We use it in this way:

let mut memory = allocate_move_list_memory();
let mut move_list = move_gen.generate_moves(..., &mut memory, ...);

'memory' holds this raw move list that is initialized with possibly uninitialized elements. We pass this 'memory' variable into the move generator. There, we obviously had to replace all "MoveList" types with "MoveListRaw", because that is what the move generator needs to accept now. In the move generator itself, we only have to change two lines, from this:

list.push(Move::new(move_data));
list.push(Move::new(move_data | promotion_piece))

To this:

memory[*count as usize].write(Move::new(move_data));
memory[*count as usize].write(Move::new(move_data | promotion_piece));

And we need to count the moves that are added. Why? Because we are no longer working with the MoveList struct; we are working with an array containing uninitialized Move elements. So instead of pushing moves into the array, we now need to write the data into it. What write() does, is put the Move data into the MaybeUninit struct, so the MaybeUninit is now initialized.

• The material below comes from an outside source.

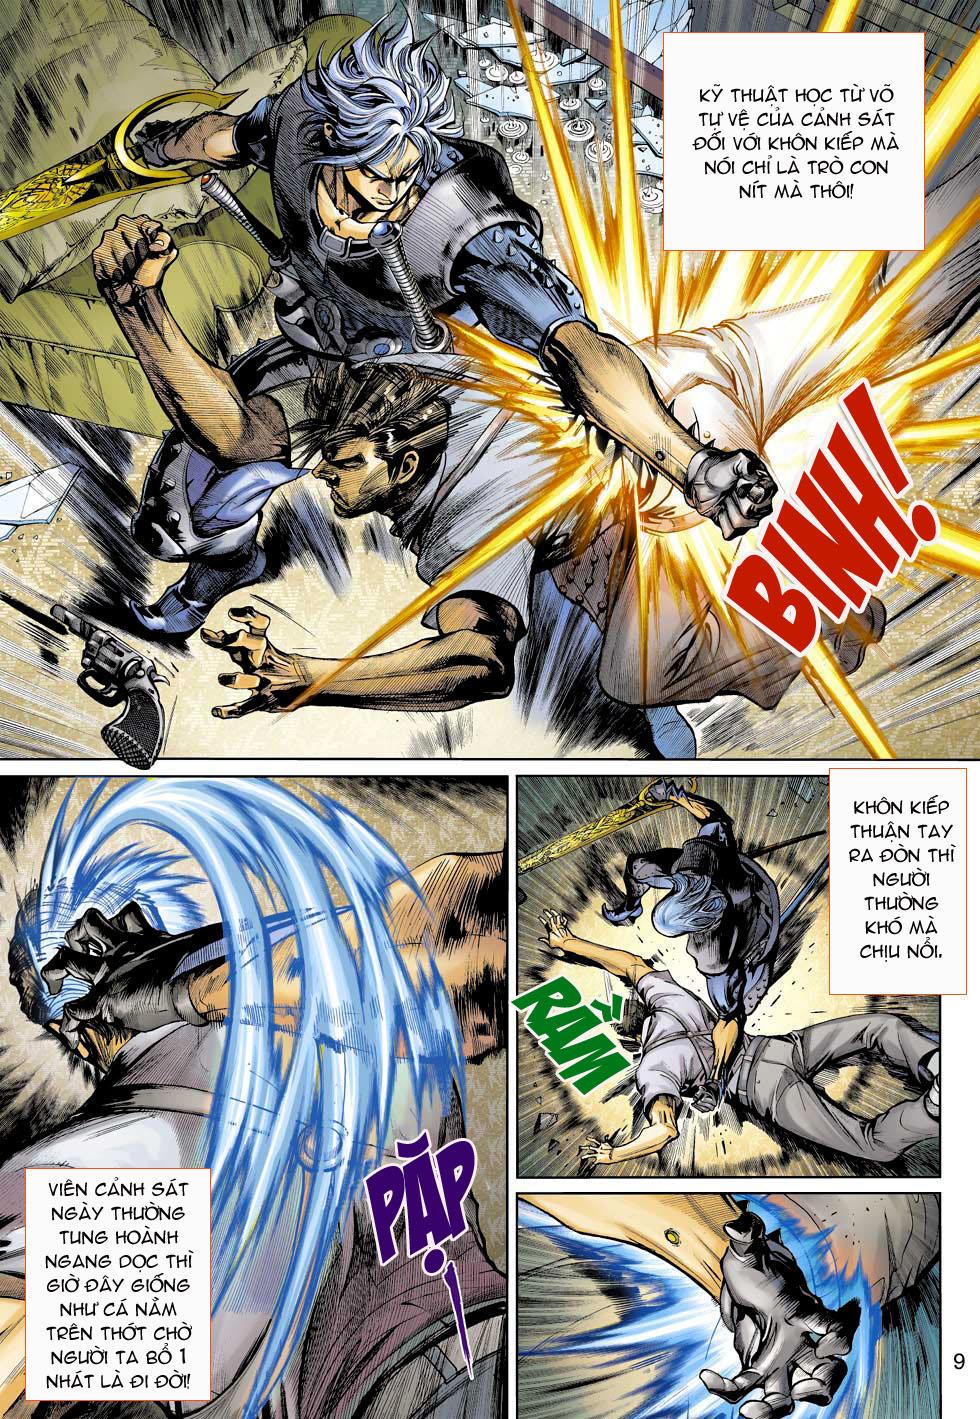 Thần Binh 4 chap 3 - Trang 9

At the end of the function generate_moves() we can now say:

self.init_unused_part_of(memory, count);
MoveList::new(memory, count)

pub fn init_unused_part_of(&self, memory: &mut MoveListRaw, count: u8) {
    for i in count..MAX_LEGAL_MOVES {
        memory[i as usize].write(Move::new(0));
    }
}

This writes Moves with 0 data into the part of the MoveListRaw we are not using, and then we return a new, proper MoveList struct from the move_generator() function. The constructor does this:

impl MoveList {
    pub fn new(raw: &MoveListRaw, count: u8) -> Self {
        Self {
            list: unsafe { mem::transmute::<_, MoveListArray>(*raw) },
            count,
        }
    }
}

It "transmutes" the incoming MoveListRaw into a MoveListArray. Remember, MoveListRaw and MoveListArray are basically the same type, except that MoveListRaw says that the elements of the array MaybeUninit, instead of Move. MaybeUninit guarantees that the memory layout is exactly the same as that of T, so what transmute basically does, is stripping the MaybeUninit from the array's elements, which makes the elements now correctly initialized.

Why all of these shenanigans? Well, if you just have Rust create a new MoveList, it will fill the array with zero's, after which the move generator is going to write its own moves into it. This is double work, and it happens in the hottest part oof the code, which slows down the engine significantly. Doing this by using MaybeUninit, we lose a bit of speed because of the transmute function, but this loss is far outweighed by the speed we gain by not doing double work millions of times very second.

Now, get out of here and write some more chess engine code.